═══ SOURCE RECORDS
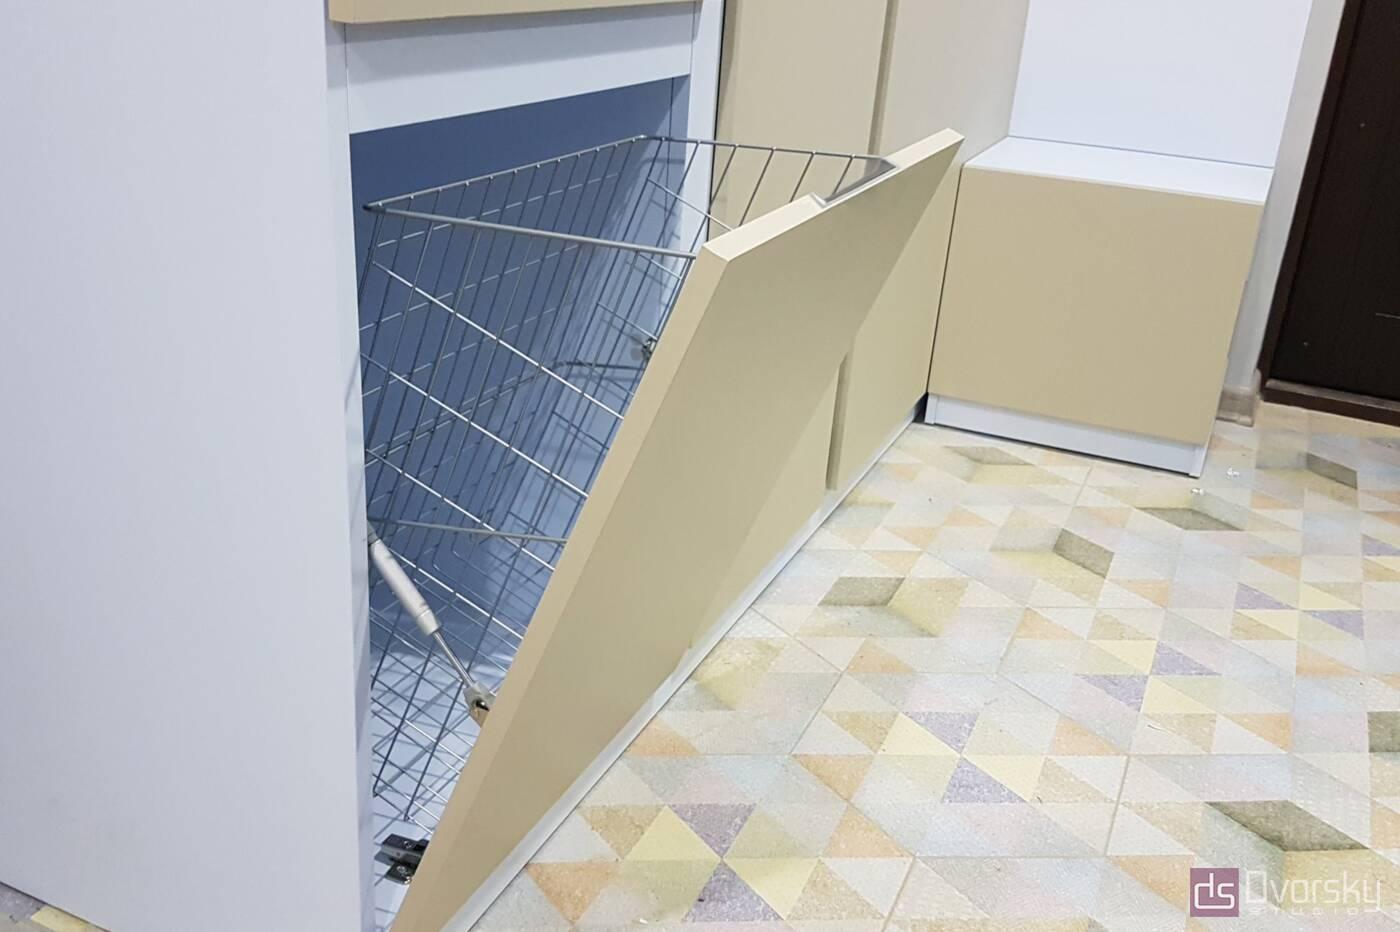 Шкафы распашные Шкаф распашной со скрытыми ручками - Фото № 3
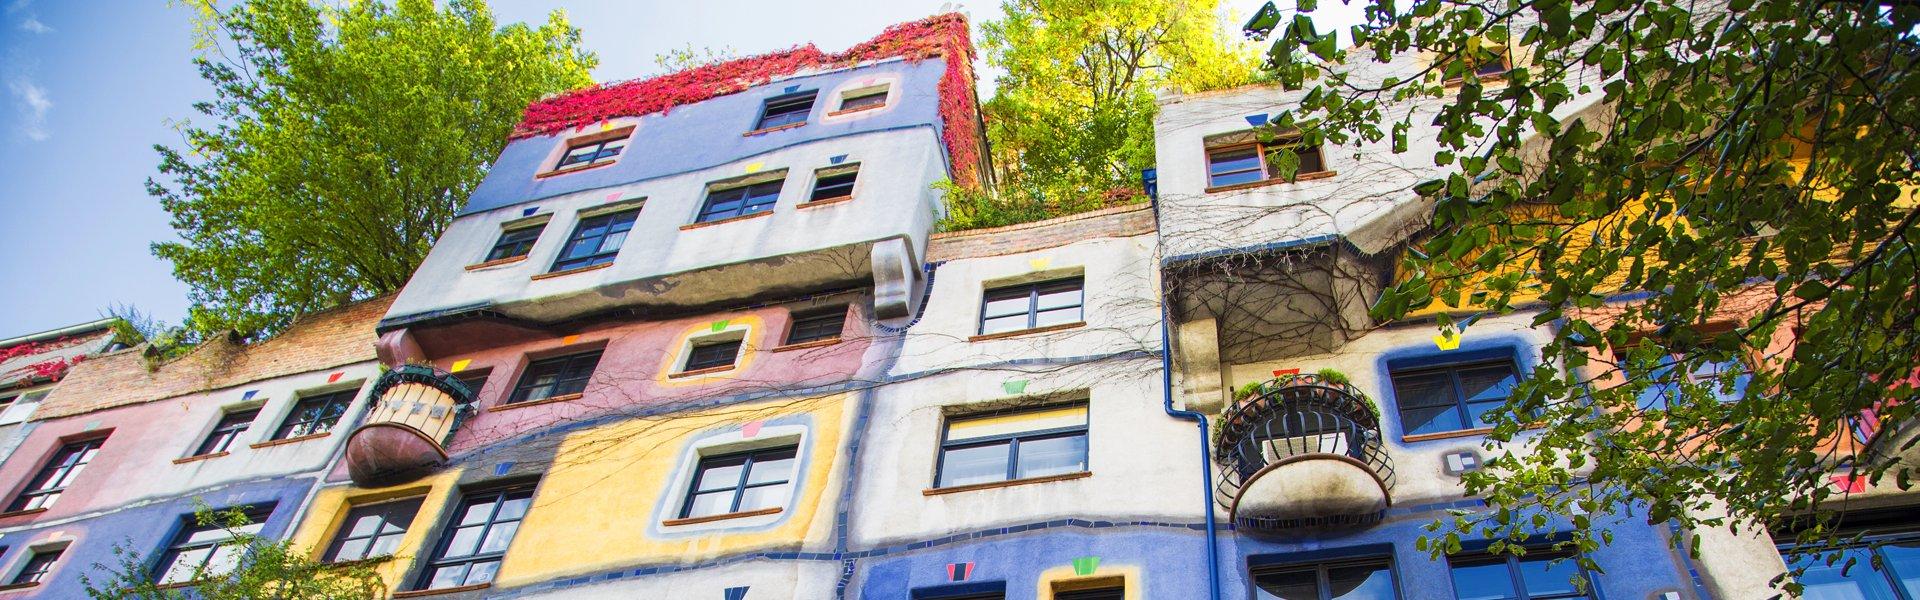 Hundertwasser in Wenen, Oostenrijk
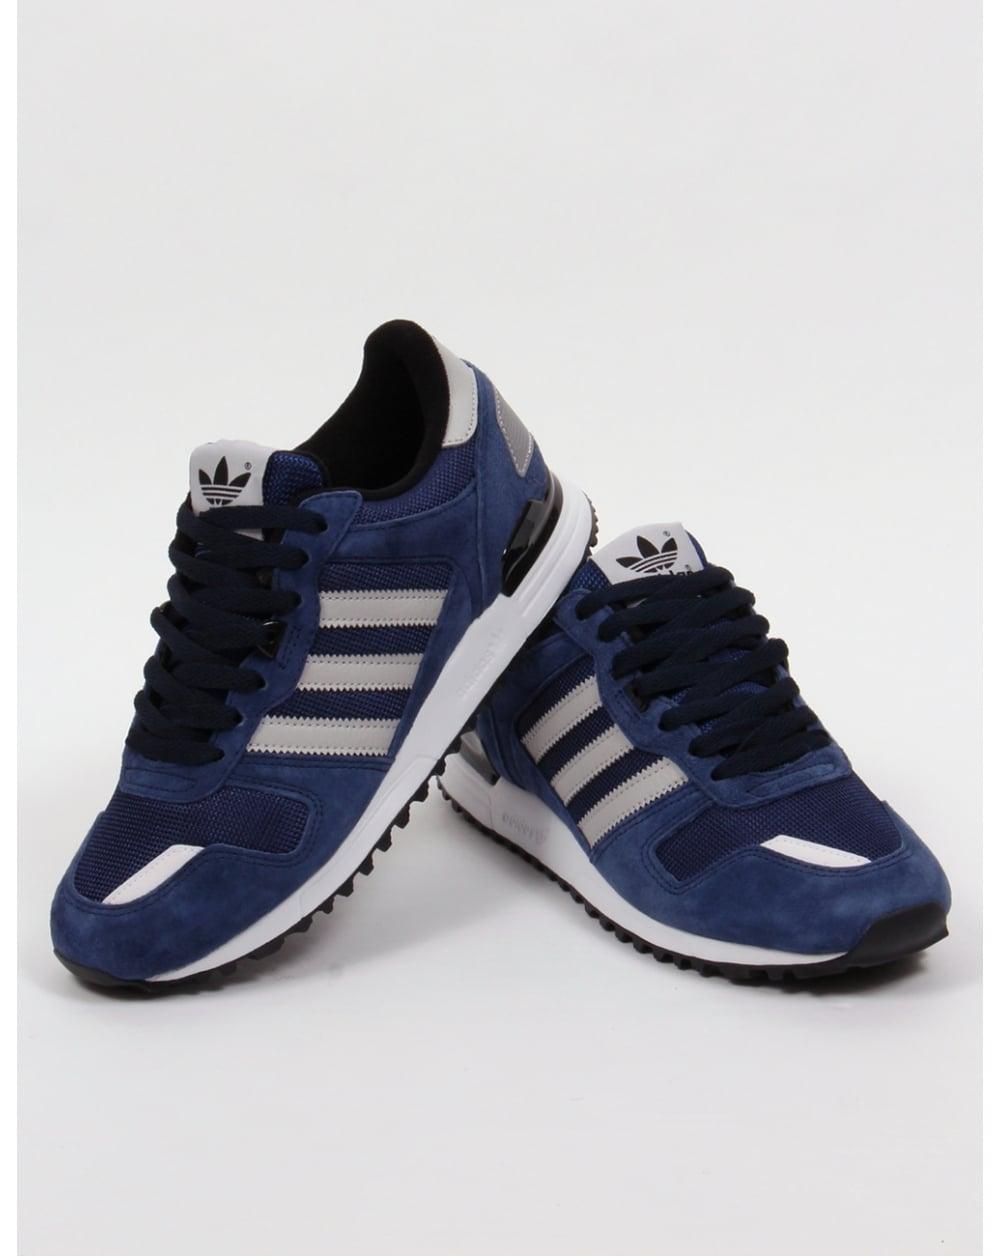 Originales Adidas Zx 700 Entrenadores Negro TWqLUE
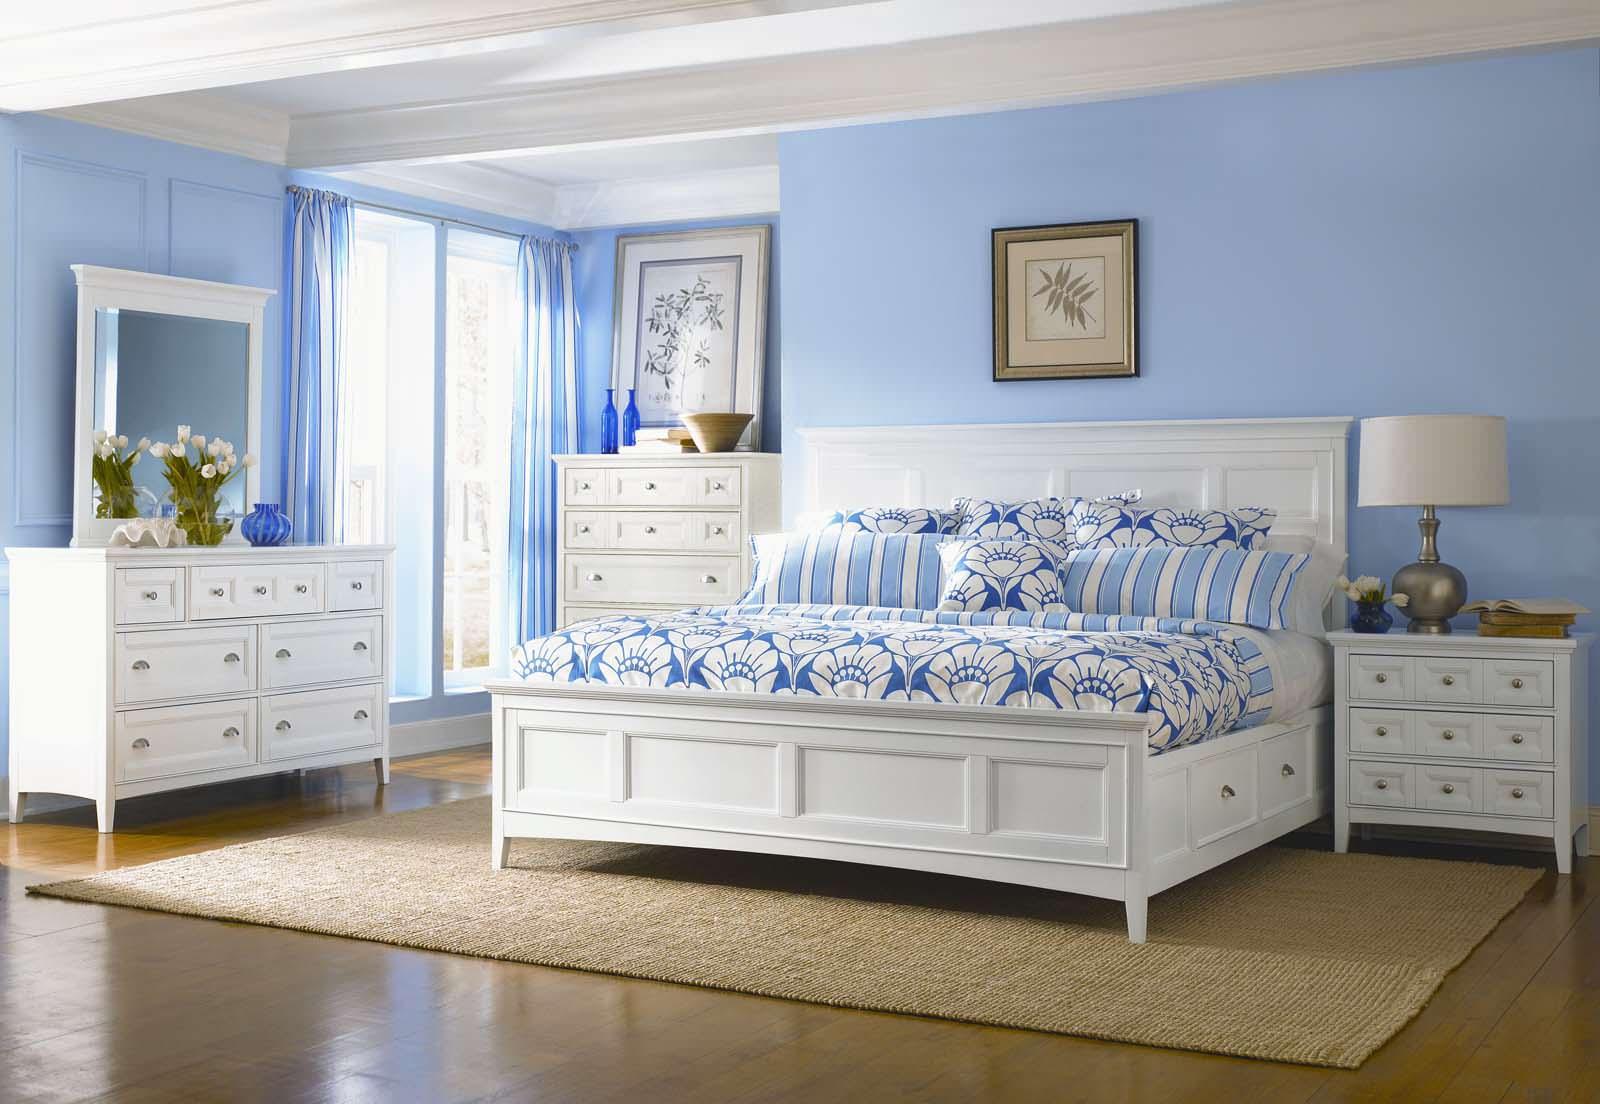 Голубой, белый и коричневый цвета в спальне
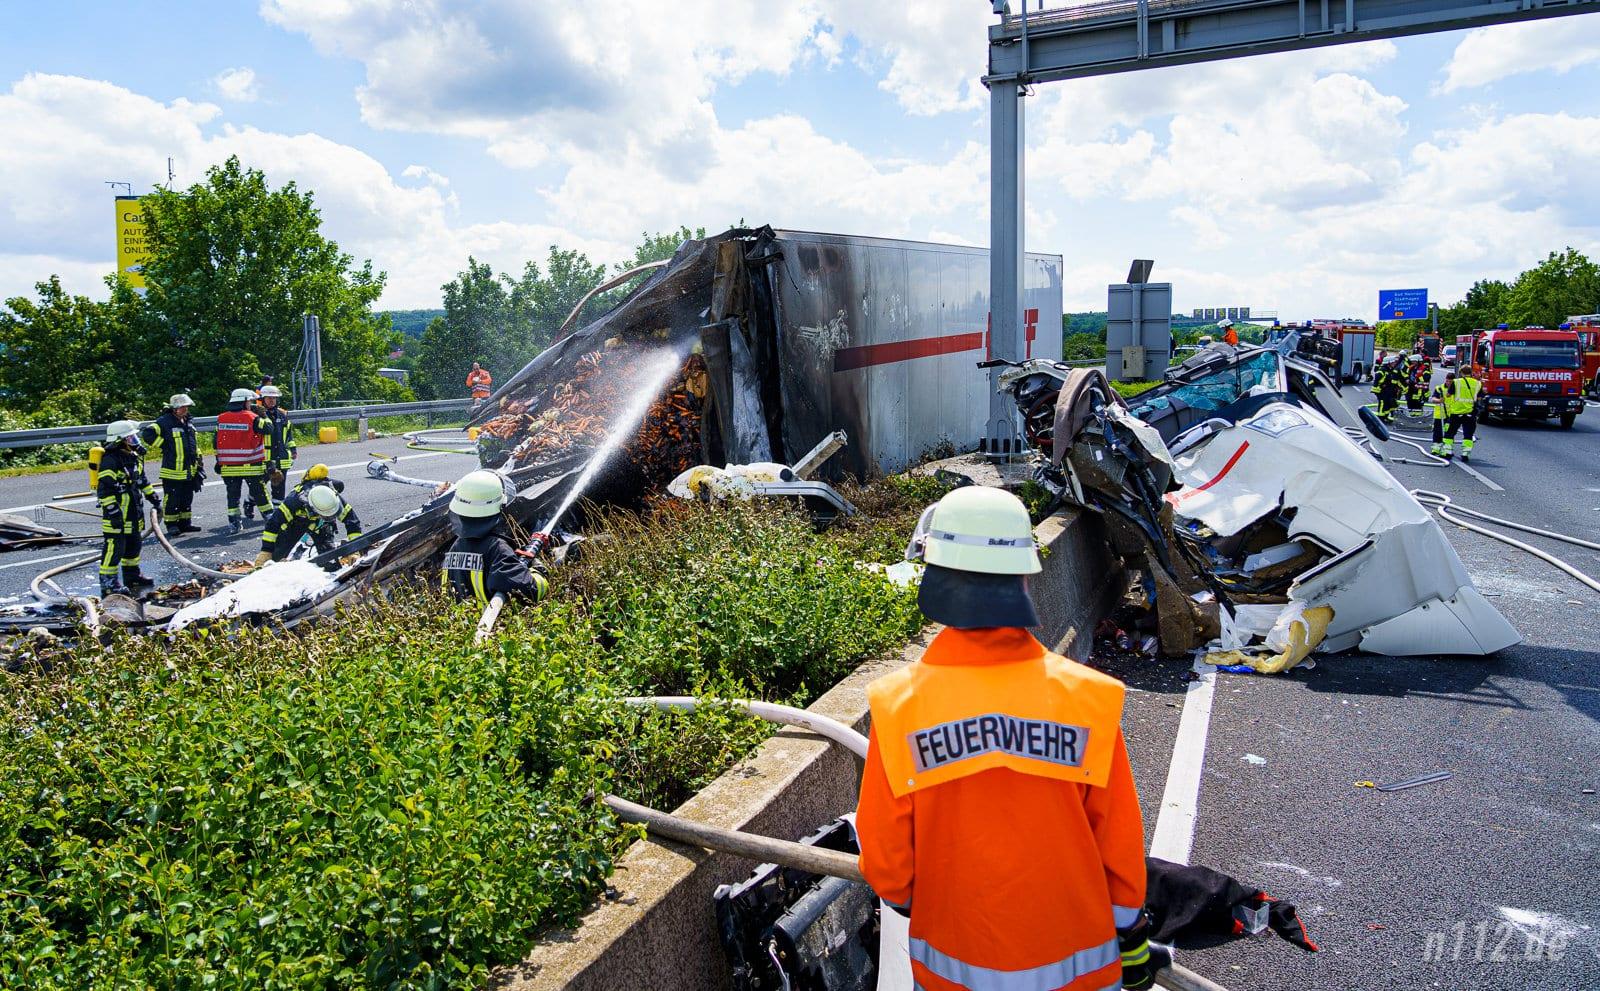 Die Unfallstelle auf der A2: Links steht der Anhänger, rechts auf der Fahrbahn Richtung Dortmund liegt die abgerissene Kabine (Foto: n112.de/Stefan Simonsen)
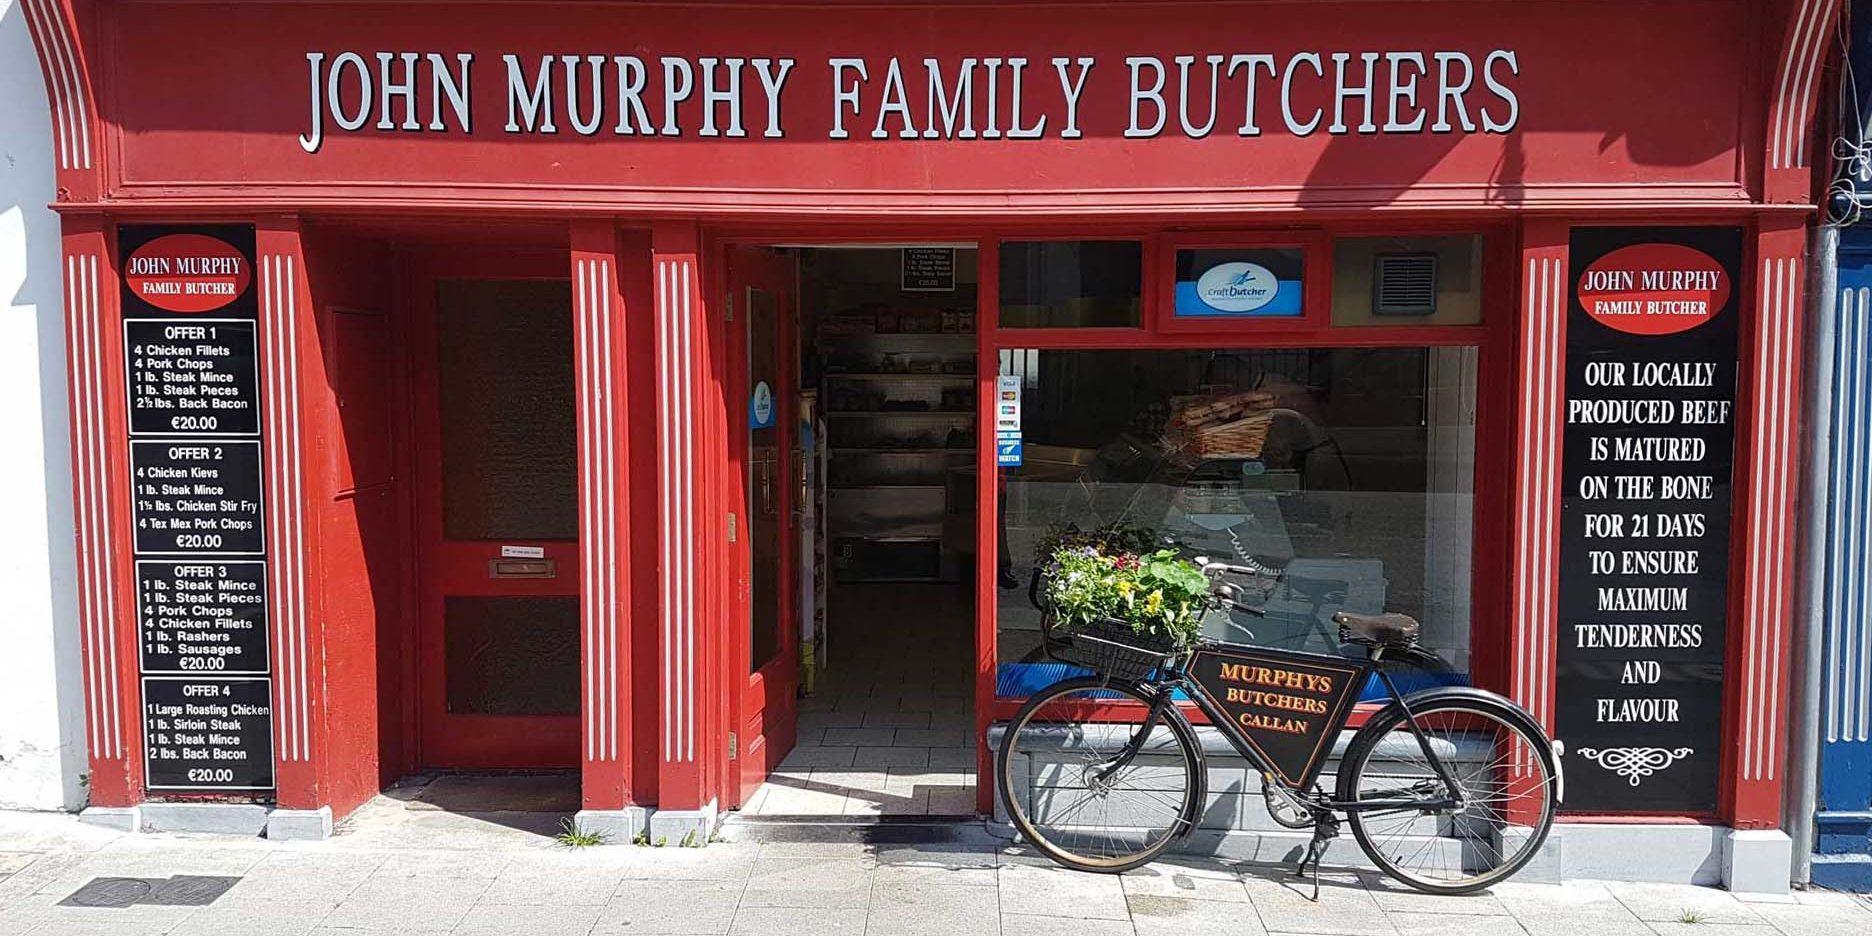 John Murphy Family Butchers shop front
══════
__TASK ITEM__:
Quote the entries in full. Any image among them is to be omitted from the copy.

__COMPLETED EXERCISE__:
 Шкафы распашные Шкаф распашной со скрытыми ручками - Фото № 3
 Hundertwasser in Wenen, Oostenrijk
 Originales Adidas Zx 700 Entrenadores Negro TWqLUE
 Голубой, белый и коричневый цвета в спальне
 Die Unfallstelle auf der A2: Links steht der Anhänger, rechts auf der Fahrbahn Richtung Dortmund liegt die abgerissene Kabine (Foto: n112.de/Stefan Simonsen)
 John Murphy Family Butchers shop front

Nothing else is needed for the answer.